# Papa johns franchise



## Alpina-d3 (Mar 16, 2011)

Hi all

just looking to do something new, been lllooking into buying a starting up a franchise store.

At the moment I'm earning no interest on my savings and already have a couple of rental properties so I don't want to go the property route.

However, from what I've seen and witnessed Domino's and Papa Johns franchises seem to do very well.

Do any if you guys have any experiance or views on setting up a store, the nearest to my town is 5 miles away.

Thanks


----------



## centenary (Sep 5, 2010)

Alpina-d3 said:


> Hi all
> 
> just looking to do something new, been lllooking into buying a starting up a franchise store.
> 
> ...


Be very, very careful with a franchise. I lost a lot of money on one and to be frank, I wouldnt advise anyone in their right mind to take one on.

For a start there are undoubted successes especially in your big high street names such as doms, pizza hut and the like.

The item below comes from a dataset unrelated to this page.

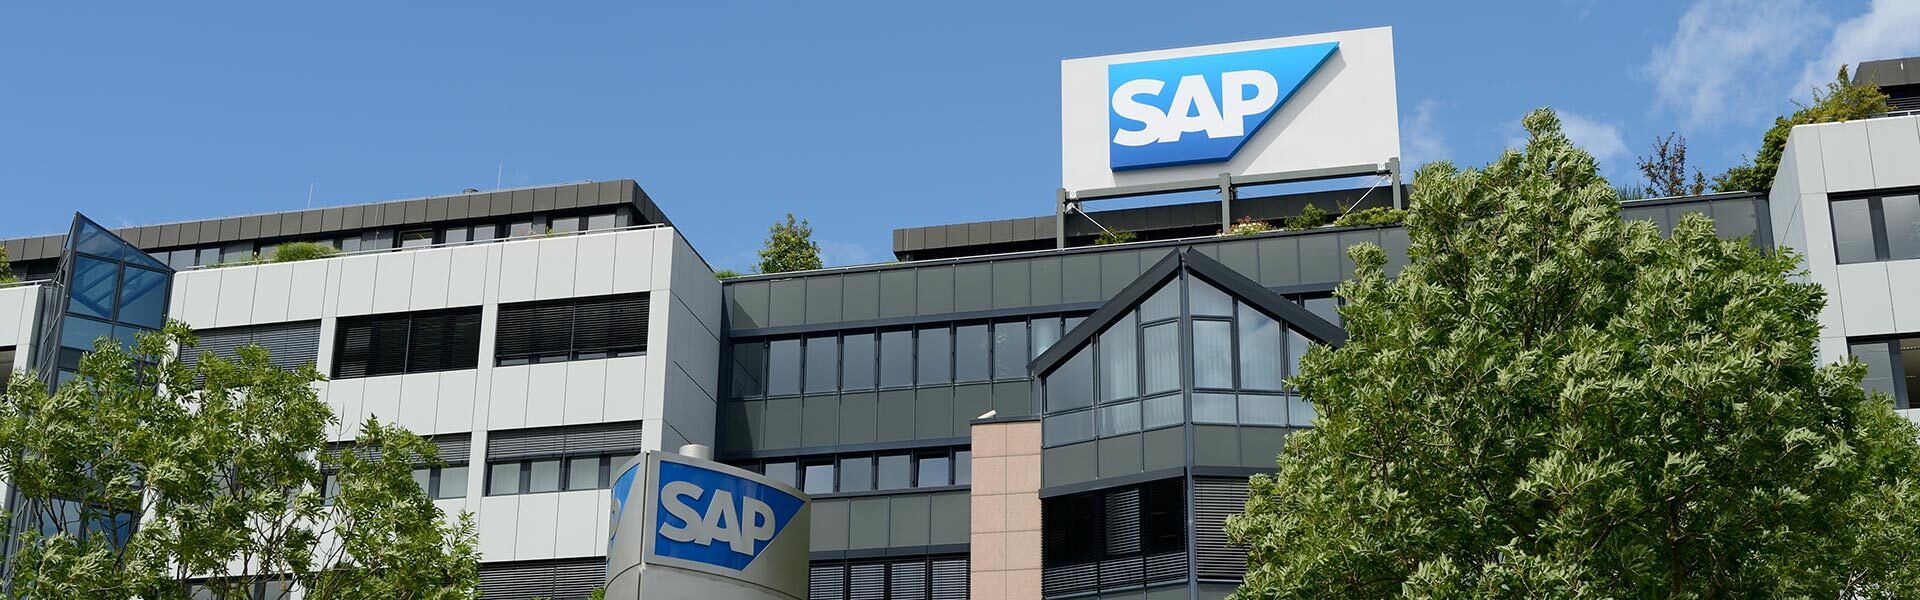 SAP、ガートナー社のマジッククアドラントで 販売実績管理（SPM）分野のリーダーに7年連続で認定

I spoke to a lot of franchisees before I bought mine and they all said 'yep come in, the water is lovely' but once I'd signed up and was on the inside, those same people were more open and honest and said they were looking for a way out.

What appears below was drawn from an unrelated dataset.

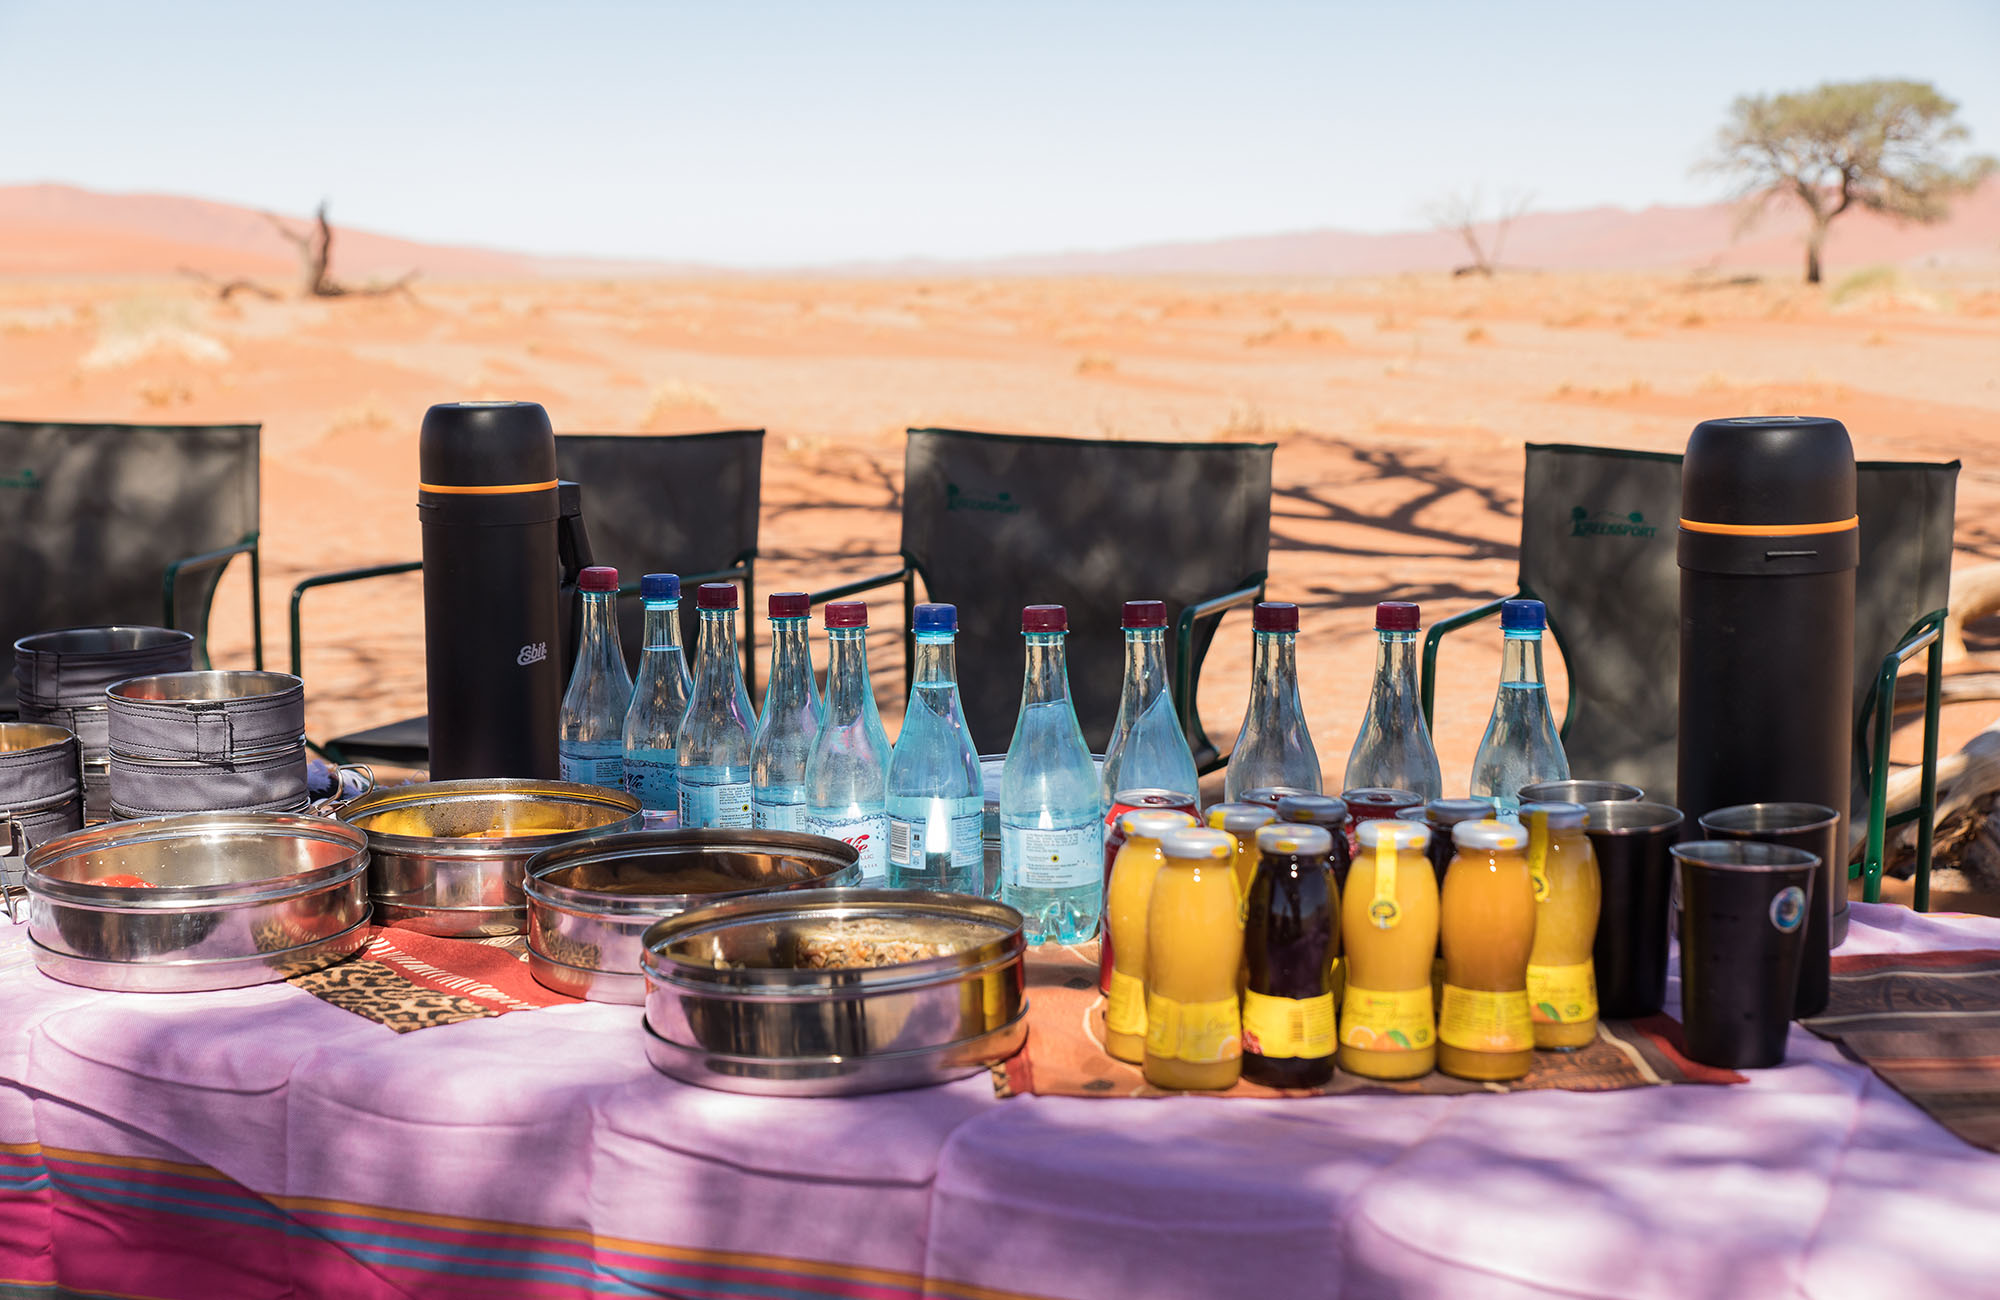 Namib Desert Campsite

The franchise agreement is pretty watertight. You'll be lucky to get out once signed up.

The master franchisor will often only allow you to buy from their preferred supplier. I found out that I could buy cheaper from other sources than the preferred supplier but want allowed to. So, I was frequently unable to compete on price and was buying stuf at almost the same price others were selling at.

You have to pay a percentage of your turnover or profit each month to the frnachisor.

Franching is often sold as working for yourself under the umbrella of a name. But the fact is, the franchisor will be on to you like an employee if you arent producing the figures and paying him his 'required' commission every month.

The BFA will heavily back the franchisor is any dispute.

I most certainly wouldnt do it again.

Regarding a shop, be careful with the lease. Make sure there's an exit clause for you at 3 years so you can get out of the lease if the business fails or you decide not to continue.

Rents can be horrendous on even the quietest of high streets. Electricity for a business is horrendous and if you think domestic leccie is expensive......!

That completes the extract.